Here on the hill behind the house,
we sit with our feet up on the edge
of the eight-by-ten stone slab
that was once the floor of the cow pass
that the cows used, getting from one pasture
to the other without setting a hoof
on the dirt road lying between them.

From here we can see the blackberry thicket,
the maple sapling the moose slashed
with his cutting teeth, turning it
scarlet too early, the bluebird boxes
flown from now, the one tree left
of the ancient orchard popped out
all over with saffron and rosy,
subacid pie apples, smaller crabs grafted
with scions of old varieties, Freedom,
Sops-of-Wine, Wolf River, and trees
we put in ourselves, dotted with red lumps.

We speak in whispers: fifty feet away,
under a red spruce, a yearling bear
lolls on its belly eating clover.
Abruptly it sits up.
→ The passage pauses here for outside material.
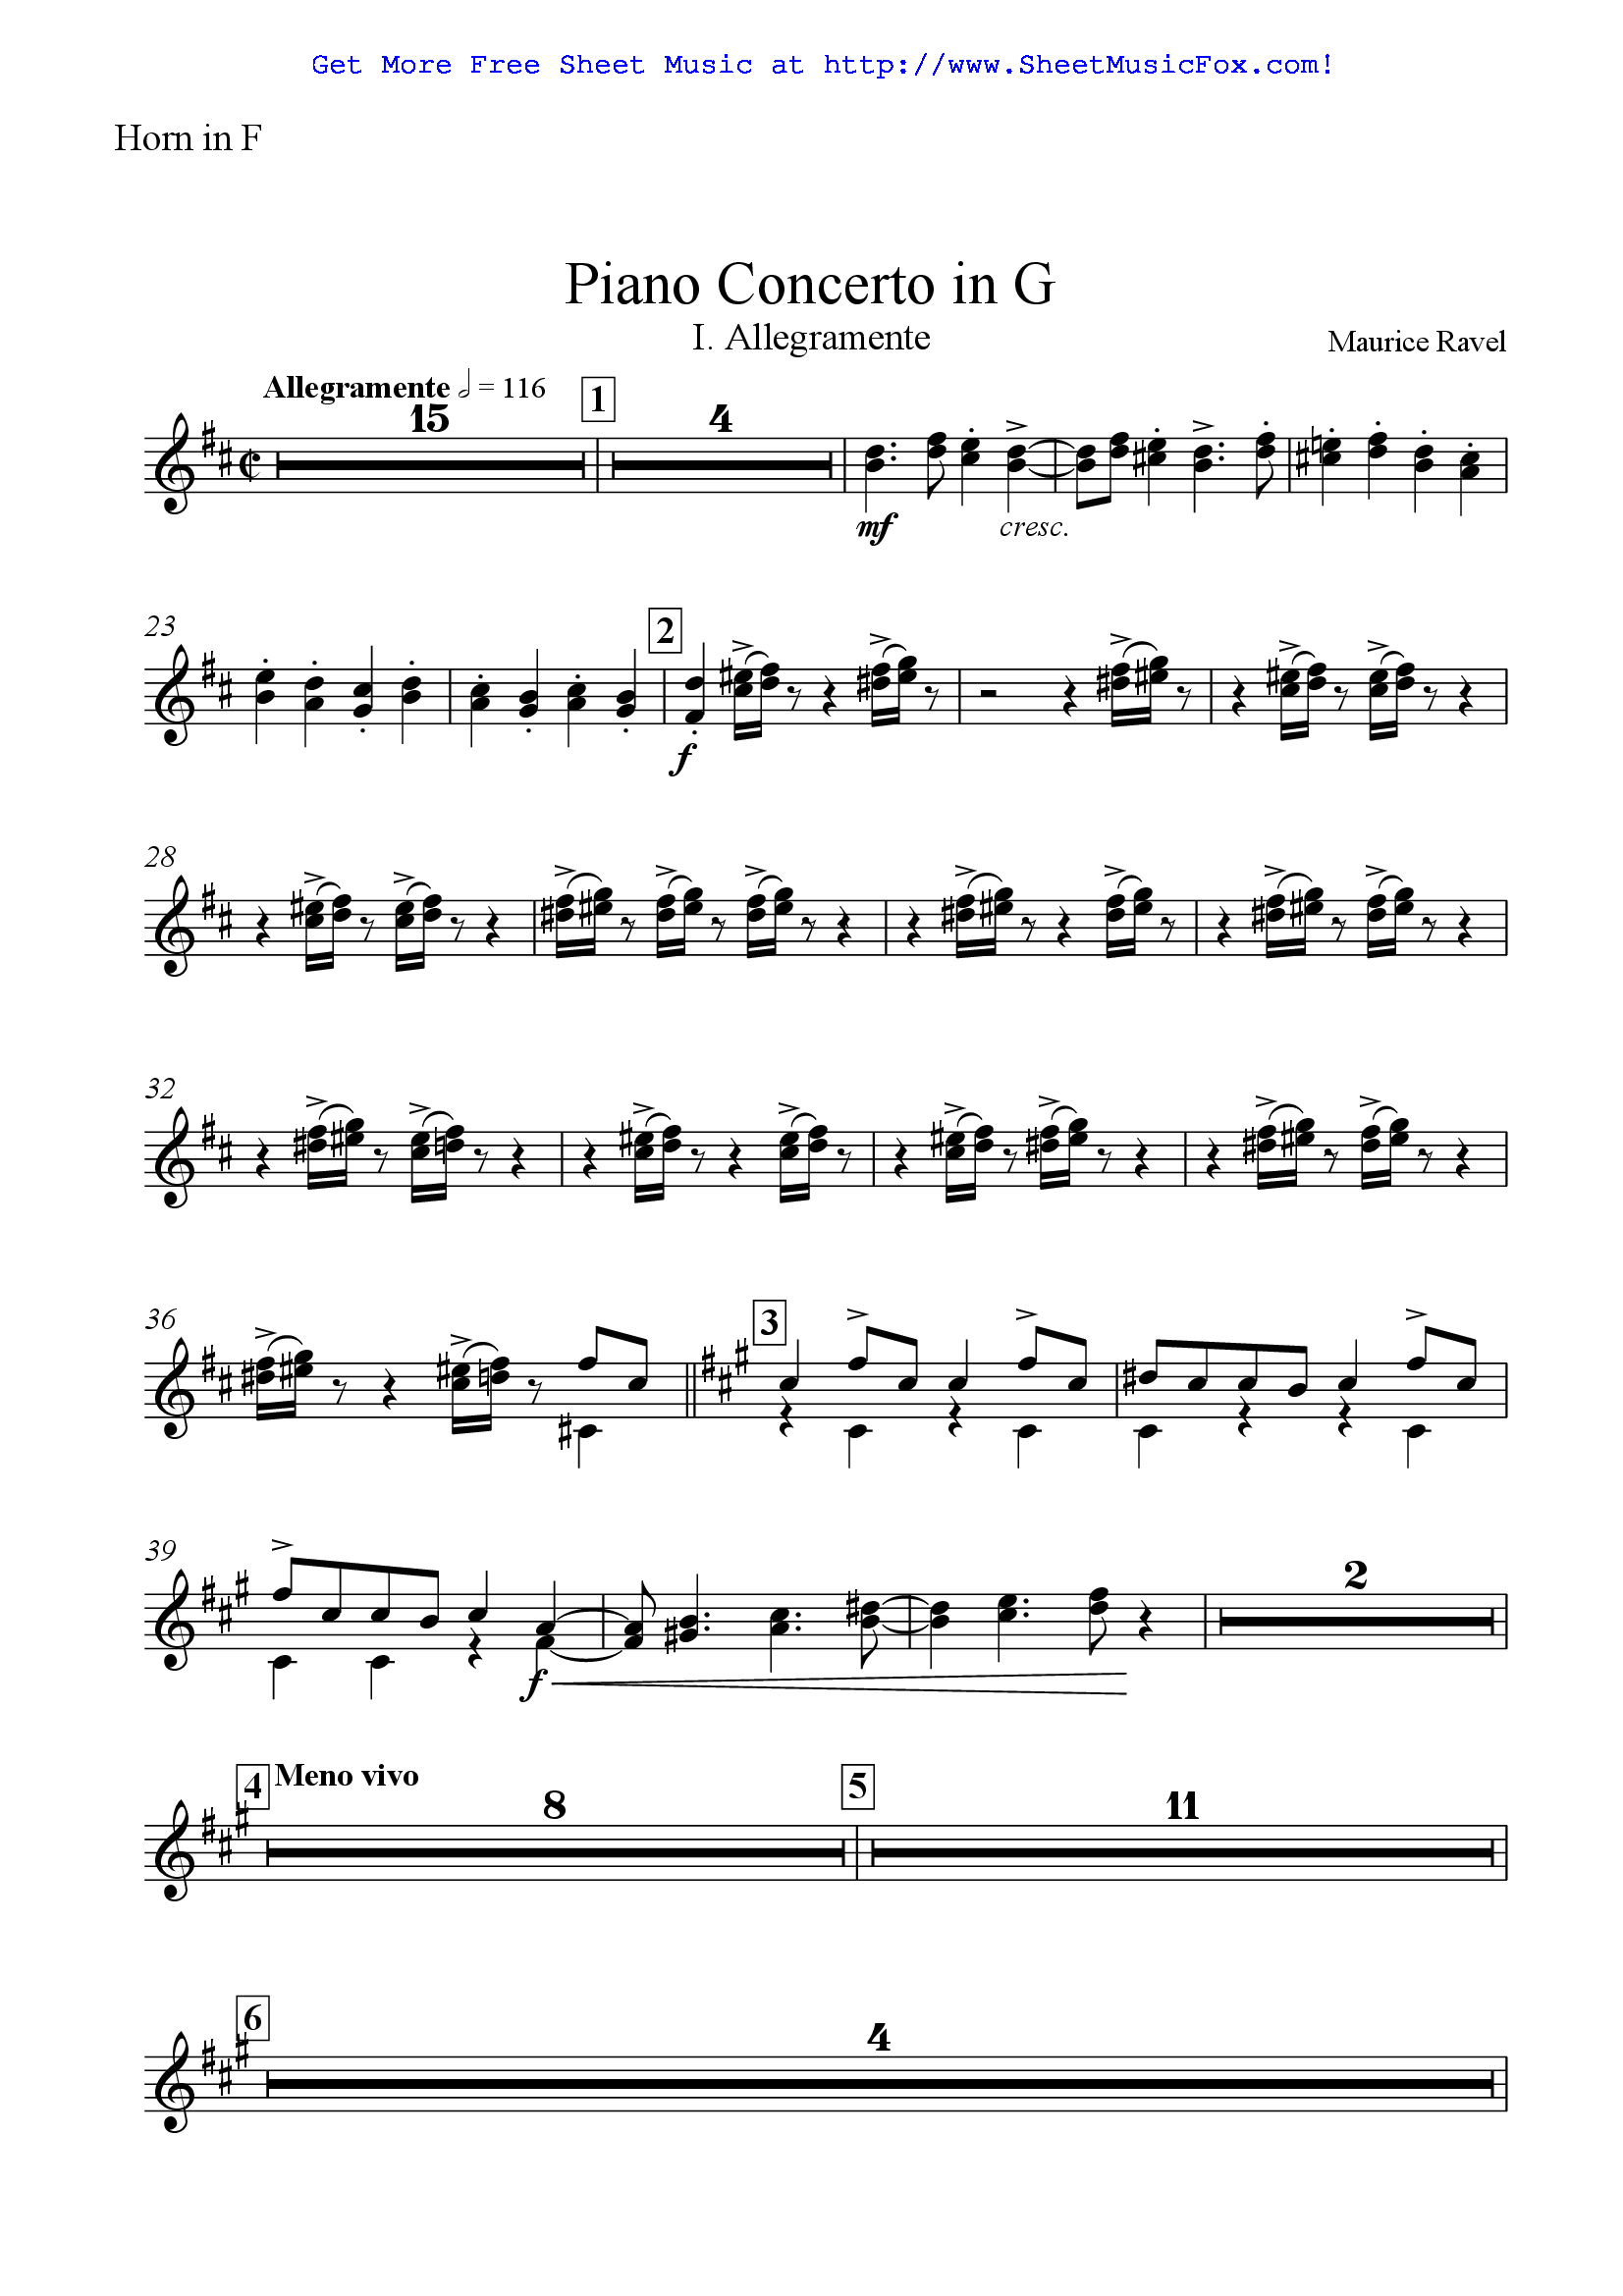 ravel piano concerto in g score pdf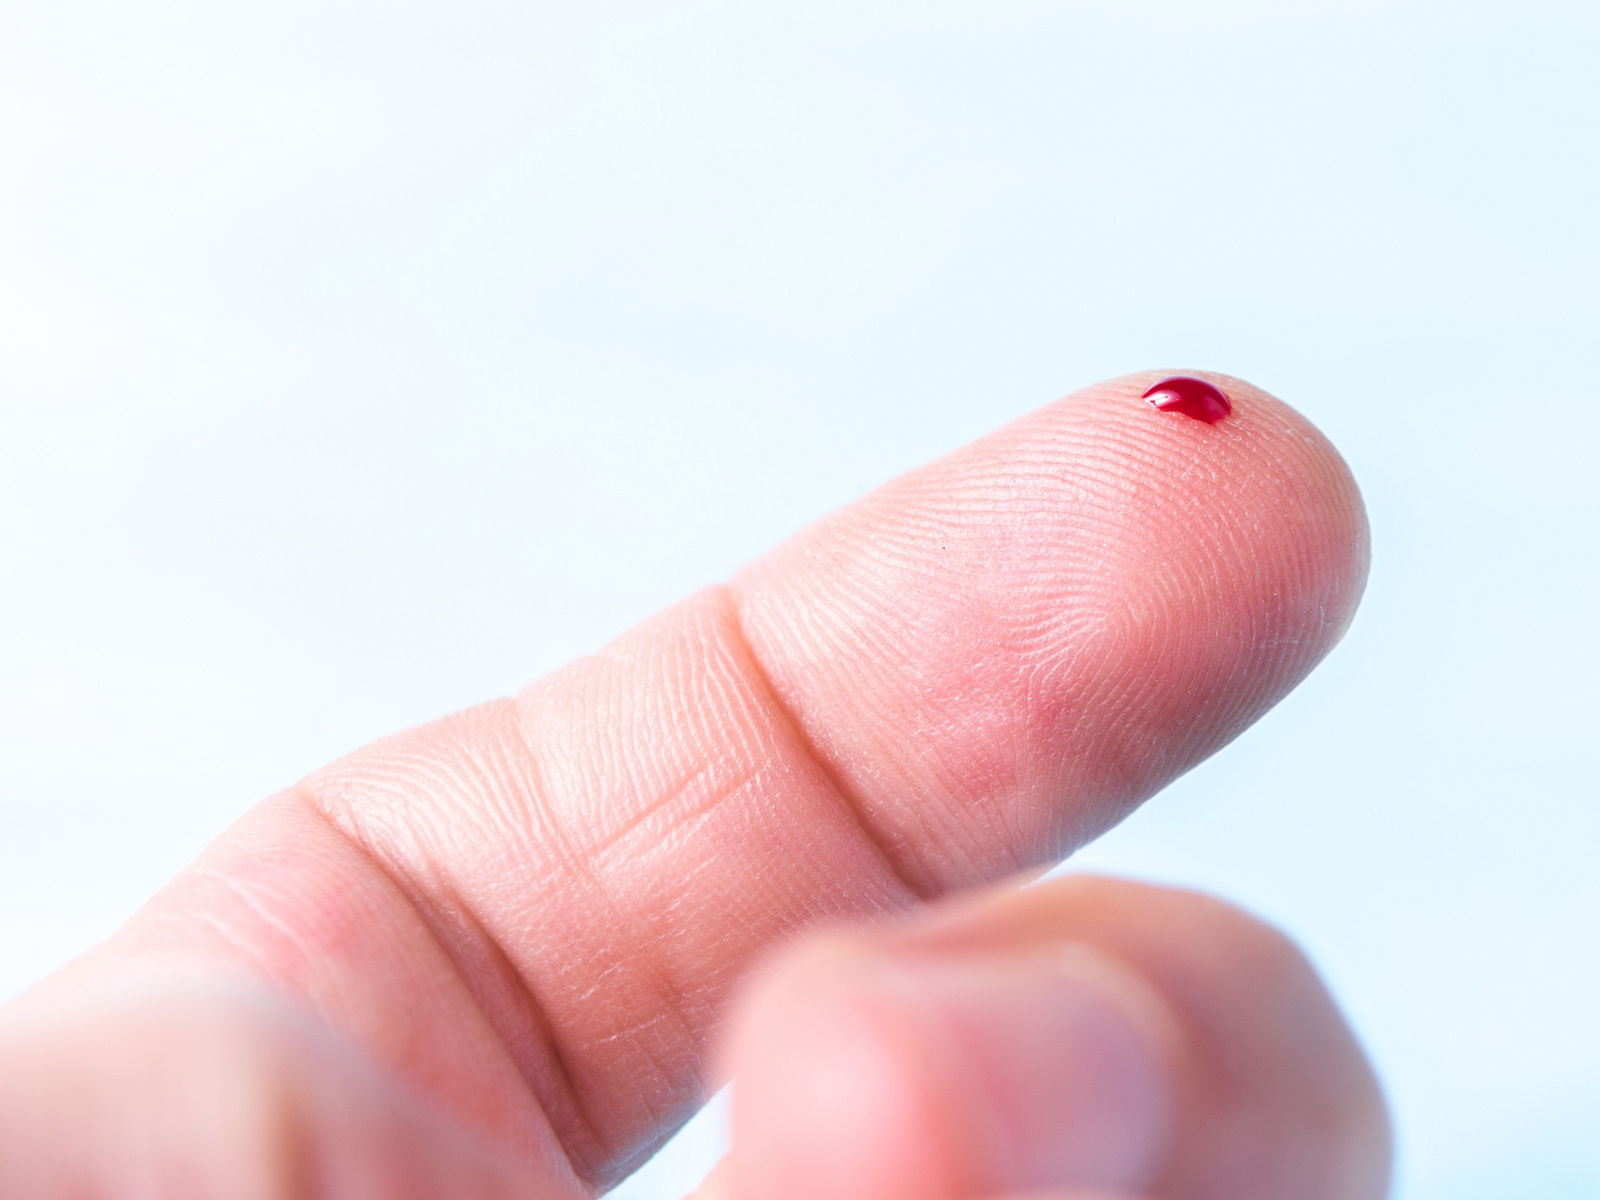 Zeigefinger in Nahaufnahme mit kleinem Bluttropfen

Did I touch my wine glass
to the table, setting it humming?
The bear peers about with the bleary undressedness
of old people who have mislaid their eyeglasses.
It ups its muzzle and sniffs. It fixes us,
whirls, and plunges into the woods —
a few cracklings and shatterings, and all is still.

As often happens, we find ourselves
thinking similar thoughts, this time of a friend
who lives to the south of that row of peaks
burnt yellow in the sunset. About now,
he will be paying his daily visit to her grave,
reading by heart the words, cut into black granite,
that she had written for him, when they
both thought he would die first:
I BELIEVE IN THE MIRACLES OF ART BUT WHAT
PRODIGY WILL KEEP YOU SAFE BESIDE ME.
Or is he back by now, in his half-empty house,
talking in ink to a piece of paper?

I, who so often used to wish to float free
of earth, now with all my being want to stay,
to climb with you on other evenings to this stone,
maybe finding a bear, or a coyote, like
the one who, at dusk, a week ago, passed
in his scissorish gait ten feet from where we sat —
this earth we attach ourselves to so fiercely,
like scions of Sheffield Seek-No-Furthers
grafted for our lifetimes onto paradise root-stock.